Task description. Return the data below unaltered, but strip out the pictures.

Given material.

═══

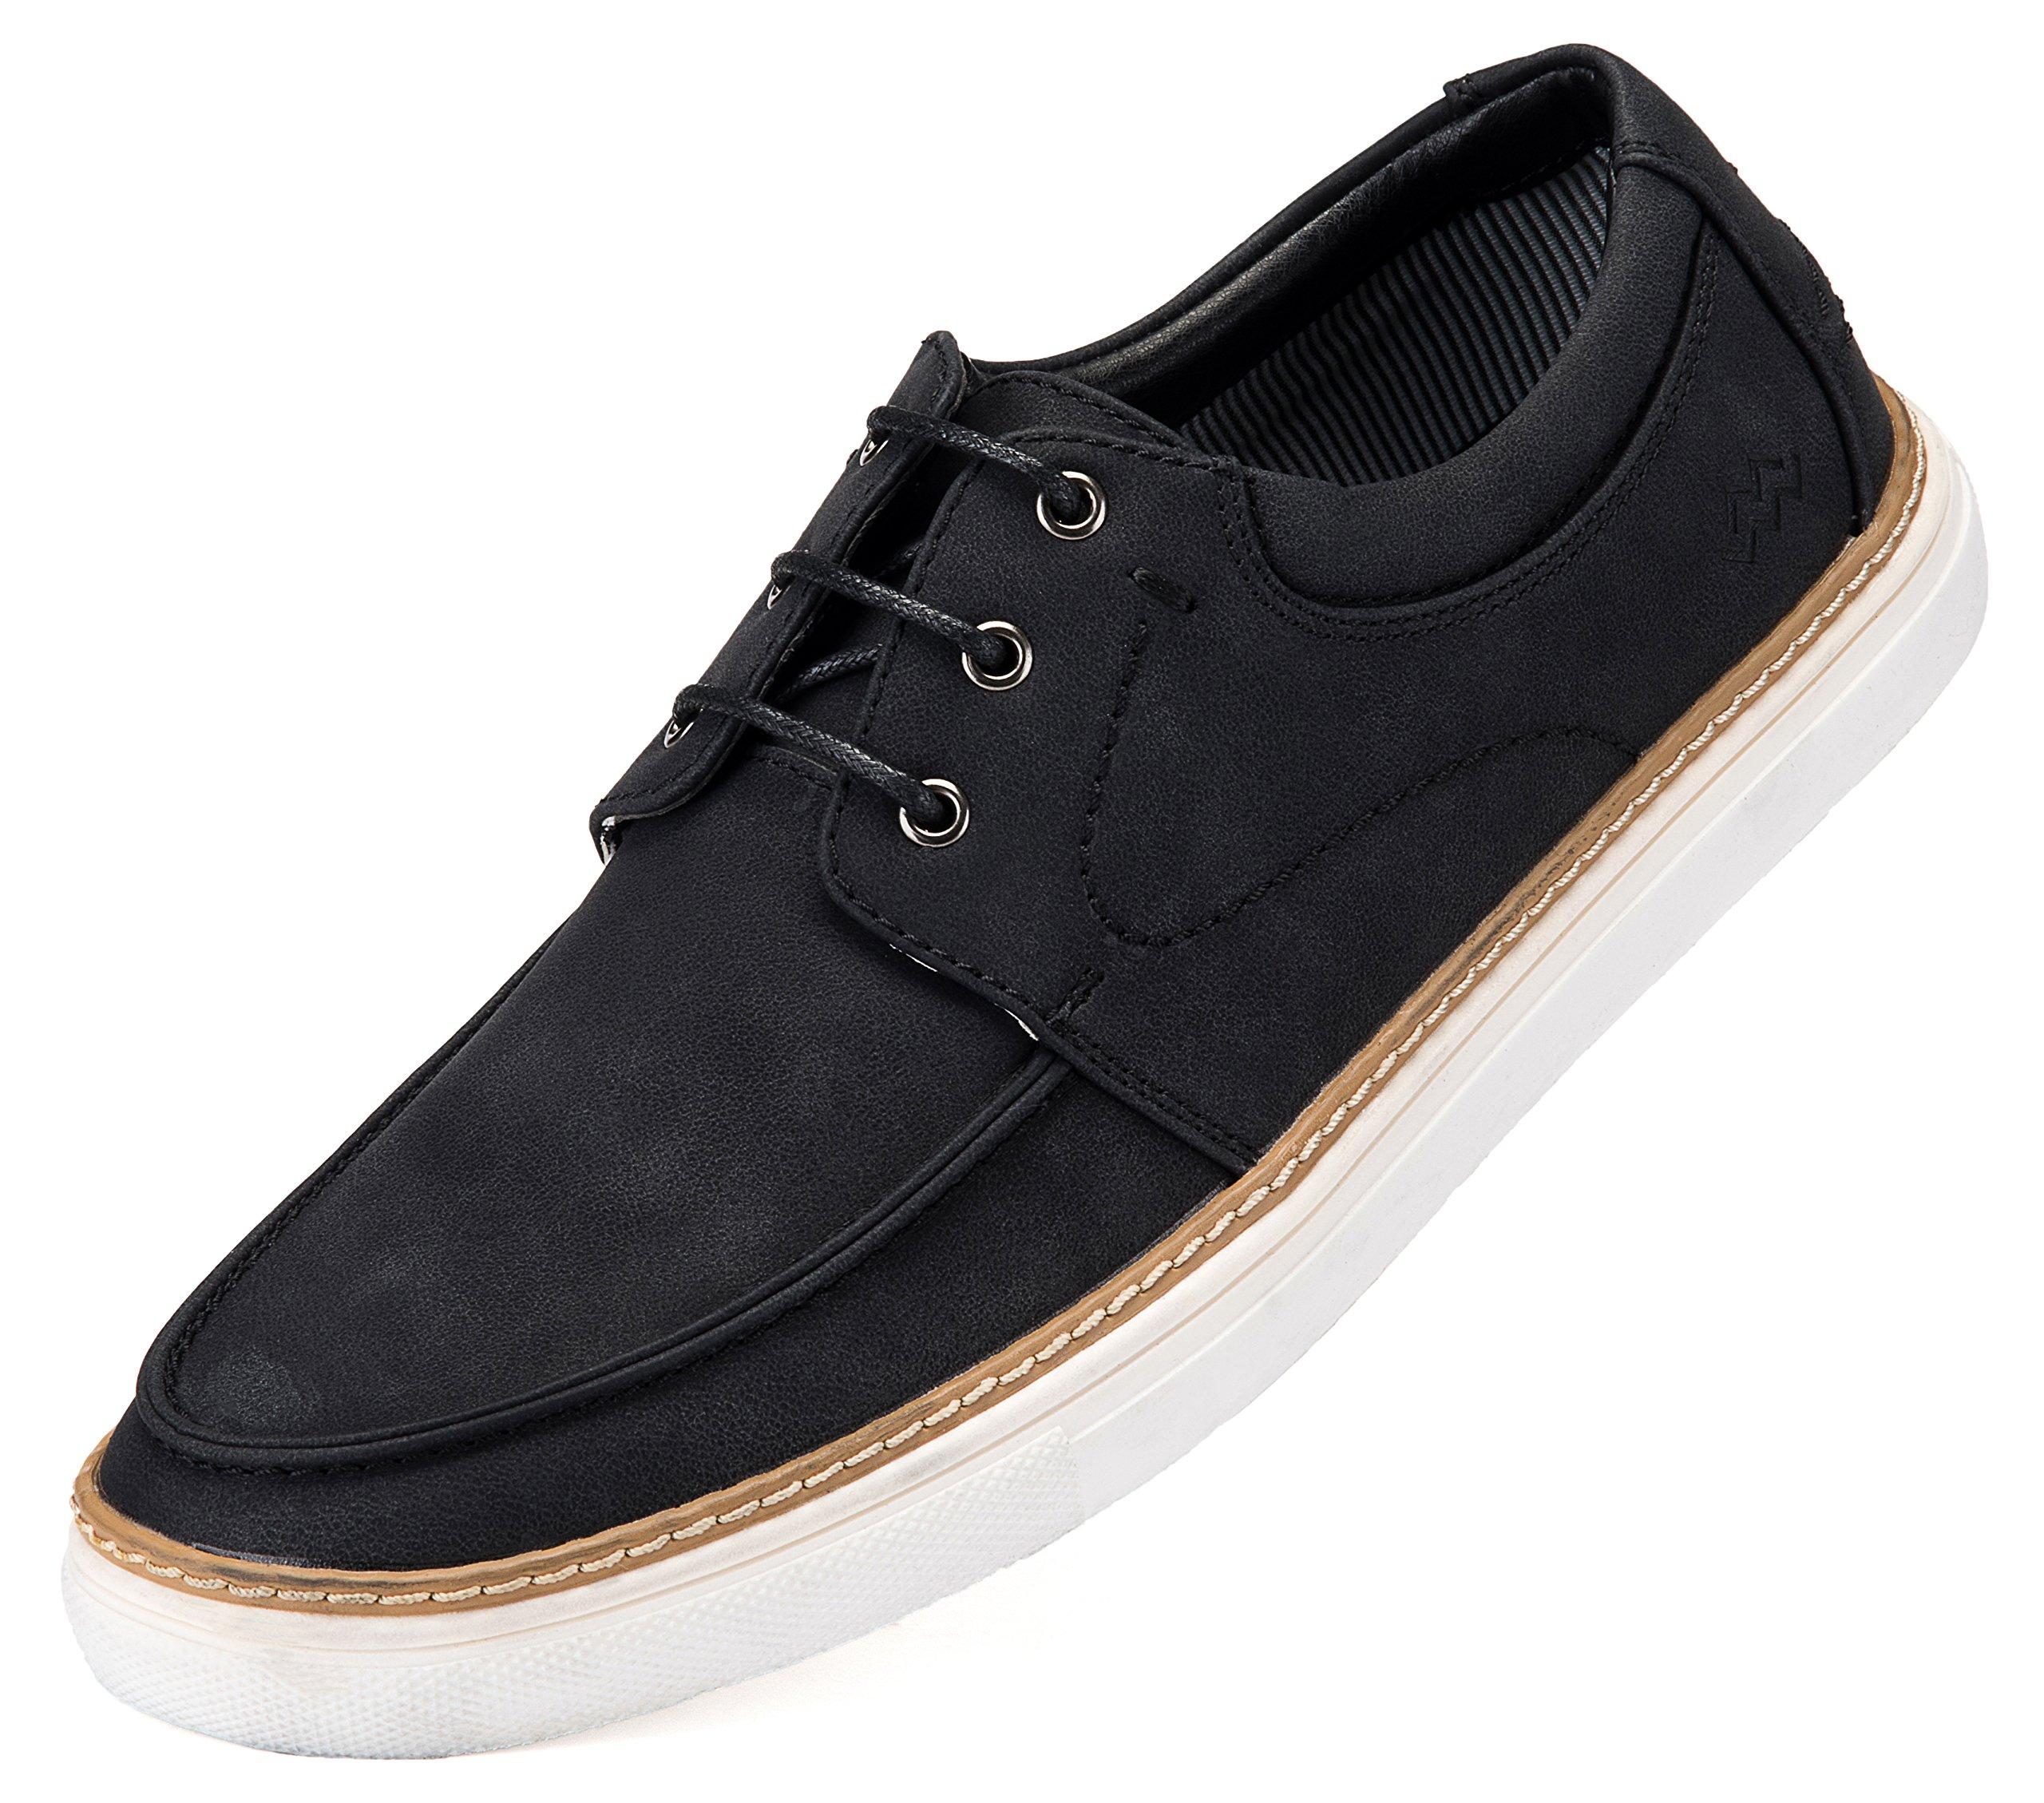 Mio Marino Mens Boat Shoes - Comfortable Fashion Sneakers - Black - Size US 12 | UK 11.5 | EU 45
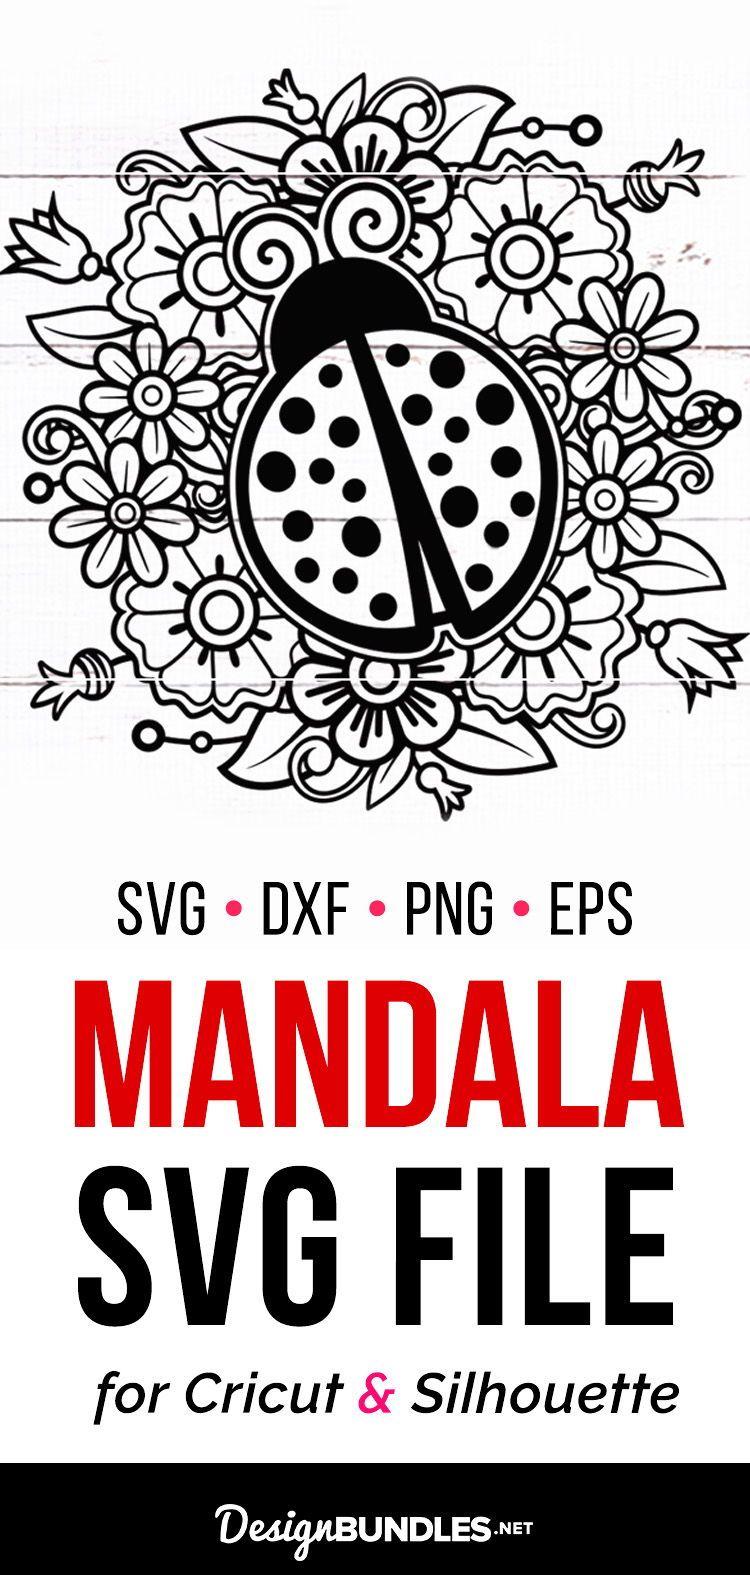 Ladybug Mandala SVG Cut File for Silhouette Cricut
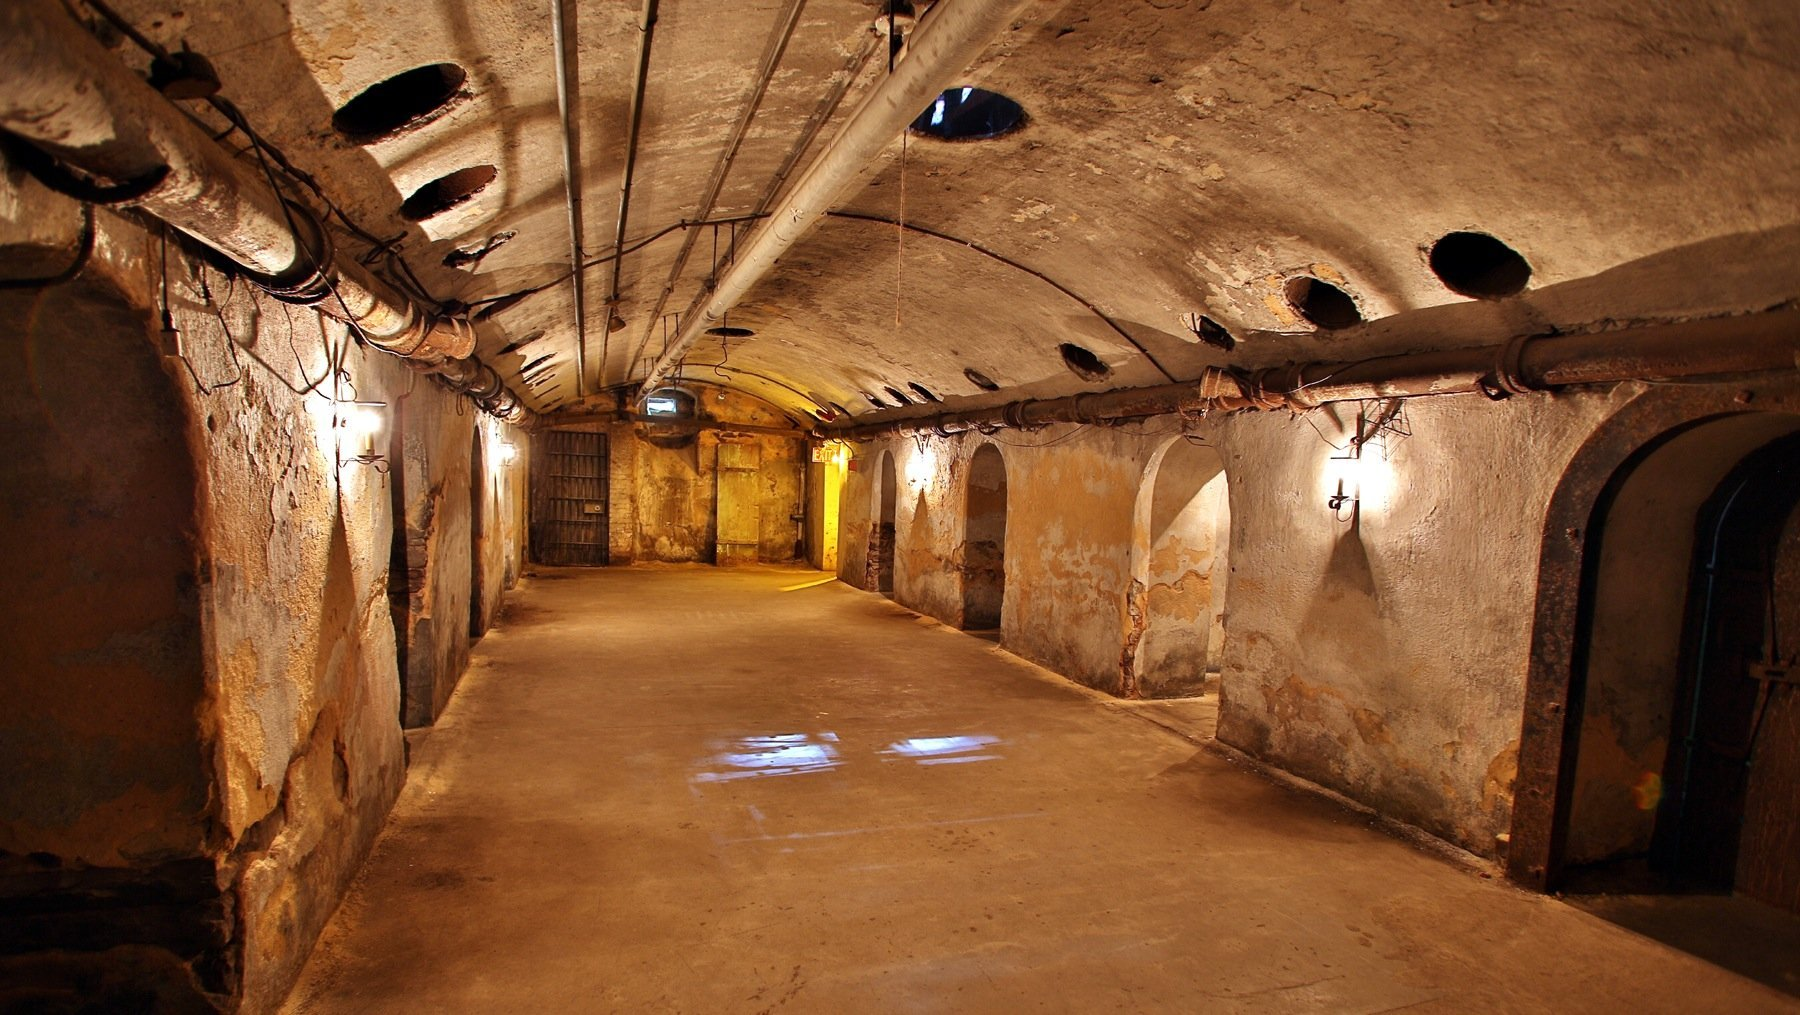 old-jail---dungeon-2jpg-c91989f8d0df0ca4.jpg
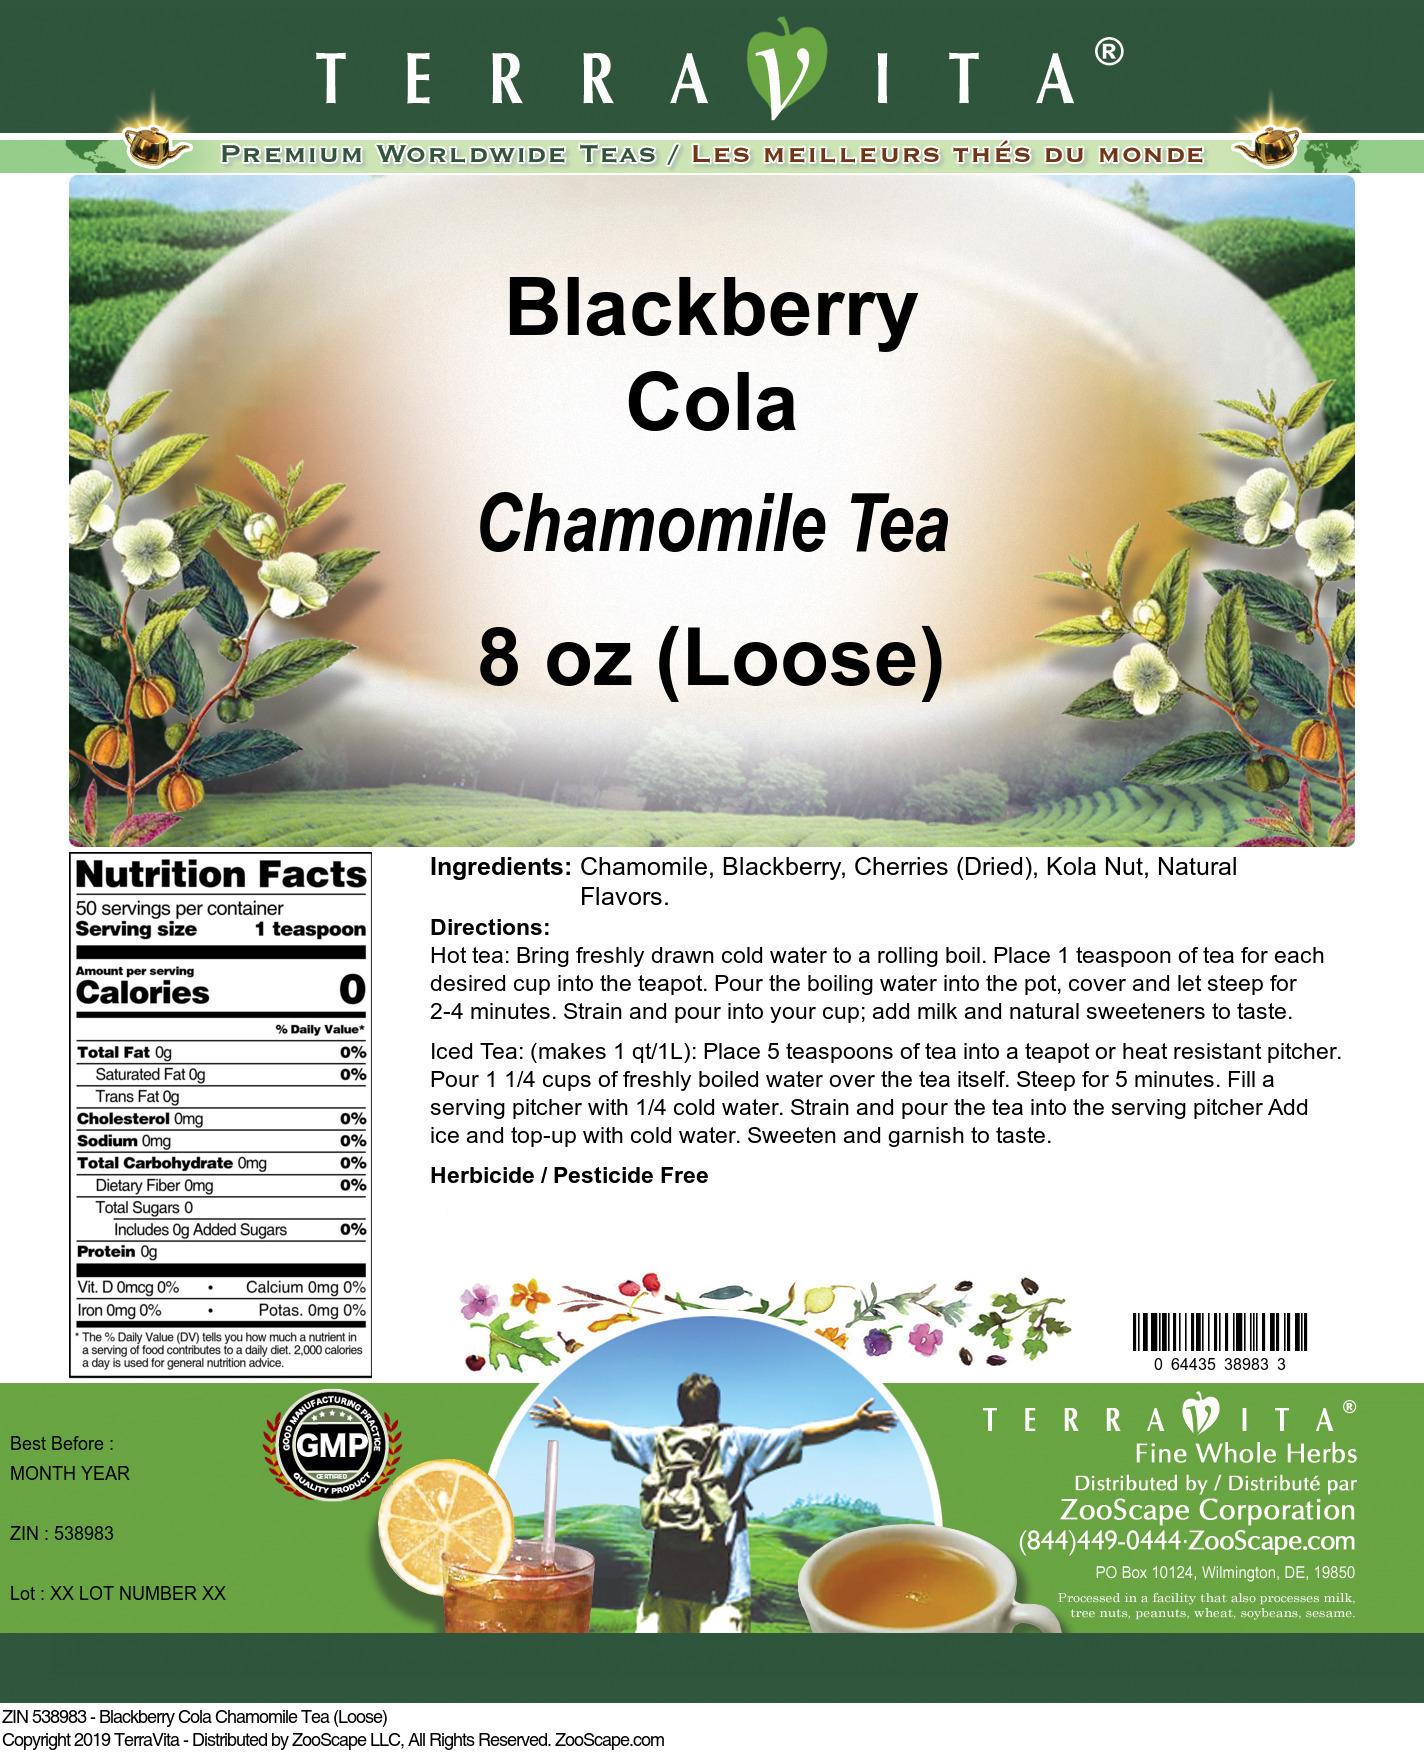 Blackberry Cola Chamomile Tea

═══

Task output.
 Mio Marino Mens Boat Shoes - Comfortable Fashion Sneakers - Black - Size US 12 | UK 11.5 | EU 45
 Ladybug Mandala SVG Cut File for Silhouette Cricut
 old-jail---dungeon-2jpg-c91989f8d0df0ca4.jpg
 Blackberry Cola Chamomile Tea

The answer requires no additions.